▶ **DATA FOR ANALYSIS**:
*** Block opens ***

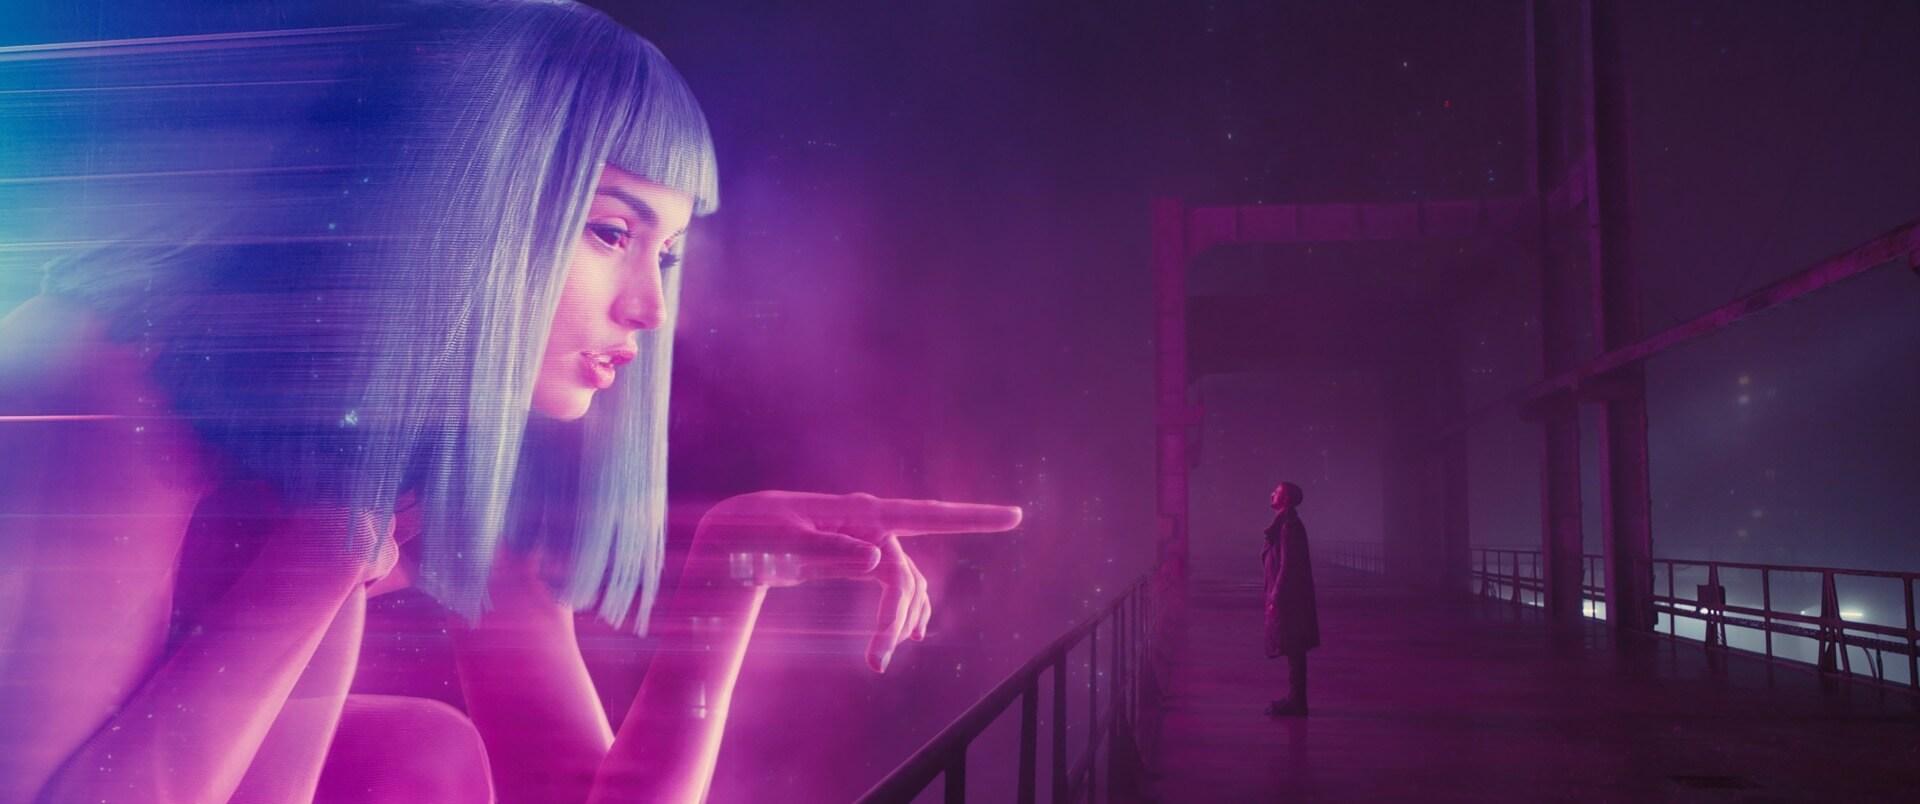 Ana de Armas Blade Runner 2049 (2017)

*** Block closes ***
*** Block opens ***

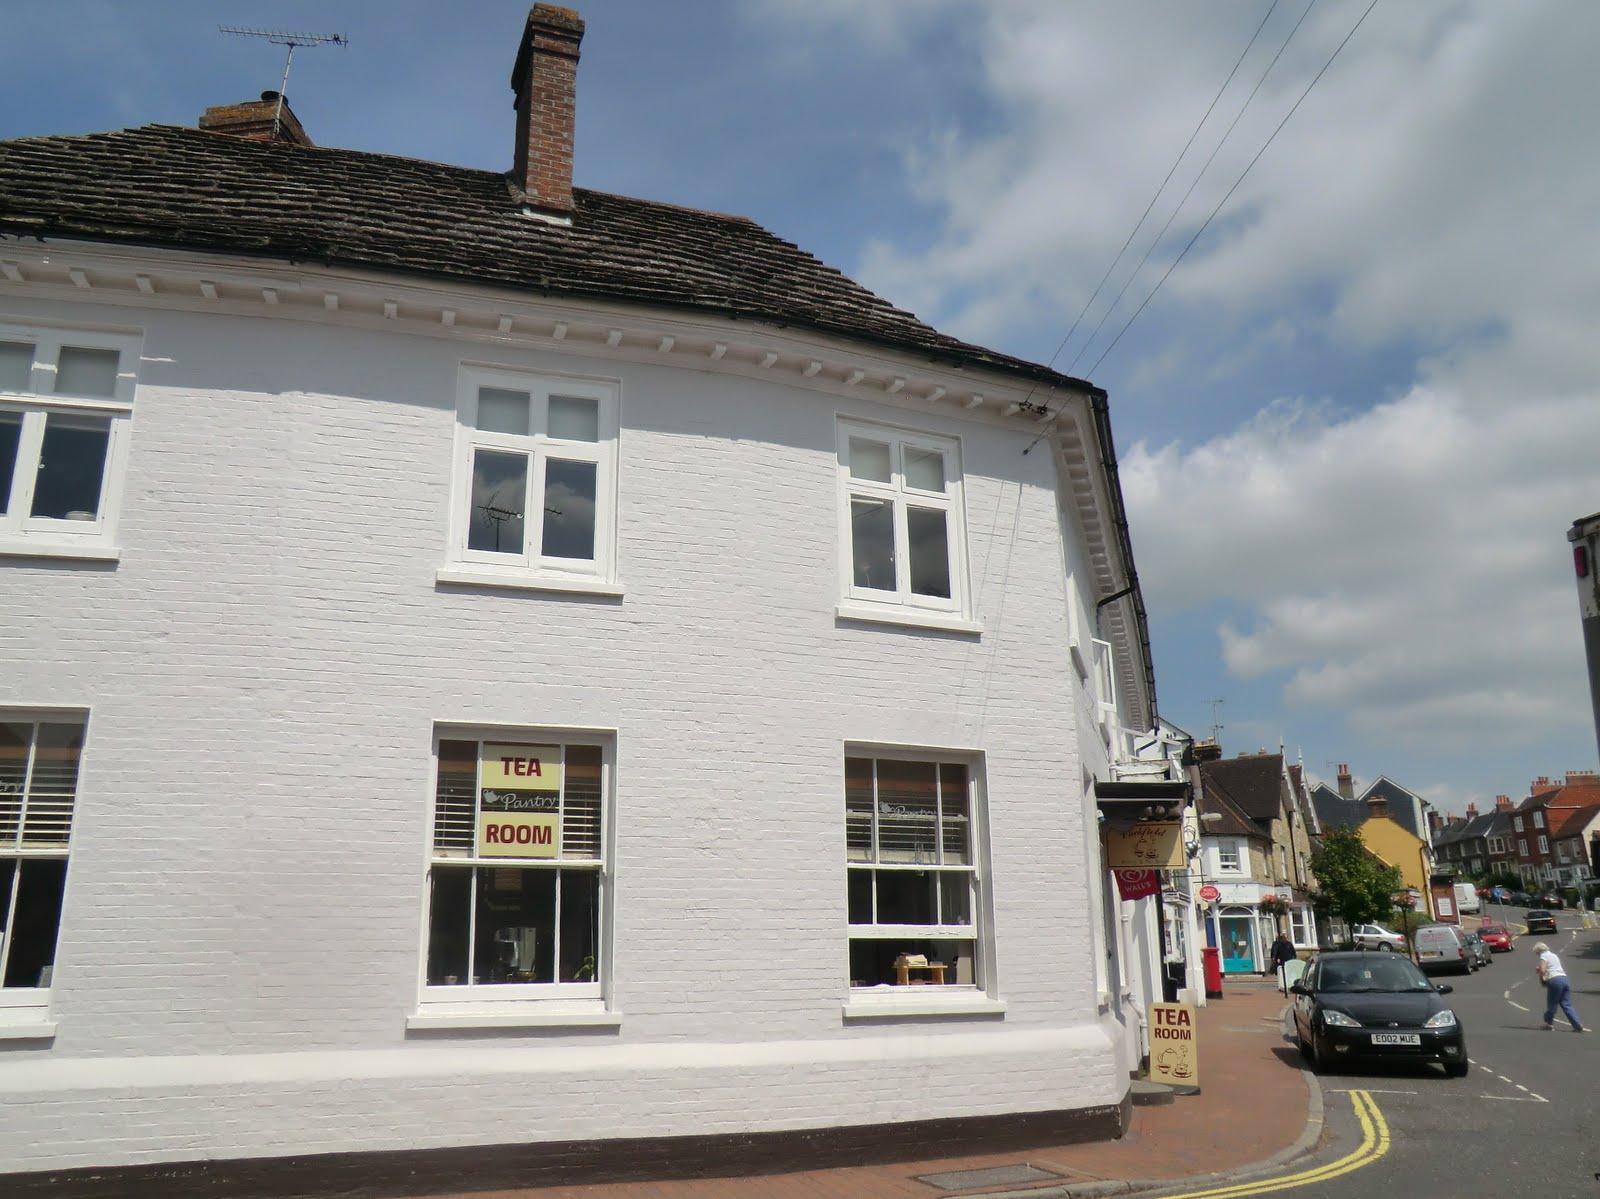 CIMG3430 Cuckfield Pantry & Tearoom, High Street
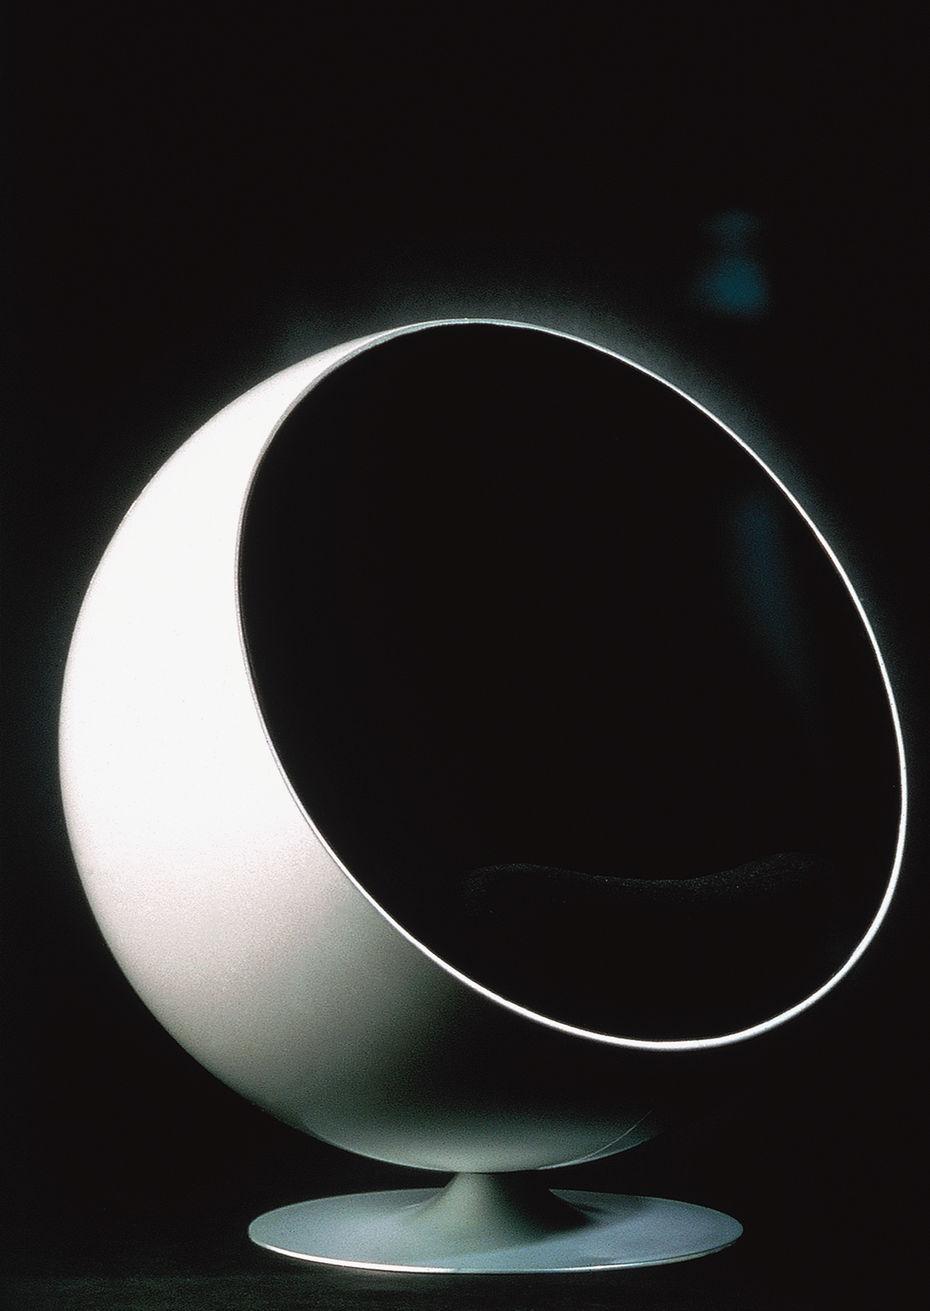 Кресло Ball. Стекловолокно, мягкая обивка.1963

*** Block closes ***

▶ **DESCRIPTION OF THE TASK**:
Exactly the lines above, from the one containing "CIMG3430 Cuckfield Pantry" down to the one containing "Кресло Ball. Стекловолокно, мягкая", are to be repeated, including both ends. Pictures are not part of the copy.

▶ **RESULT OF THIS TASK**:
 CIMG3430 Cuckfield Pantry & Tearoom, High Street
 Кресло Ball. Стекловолокно, мягкая обивка.1963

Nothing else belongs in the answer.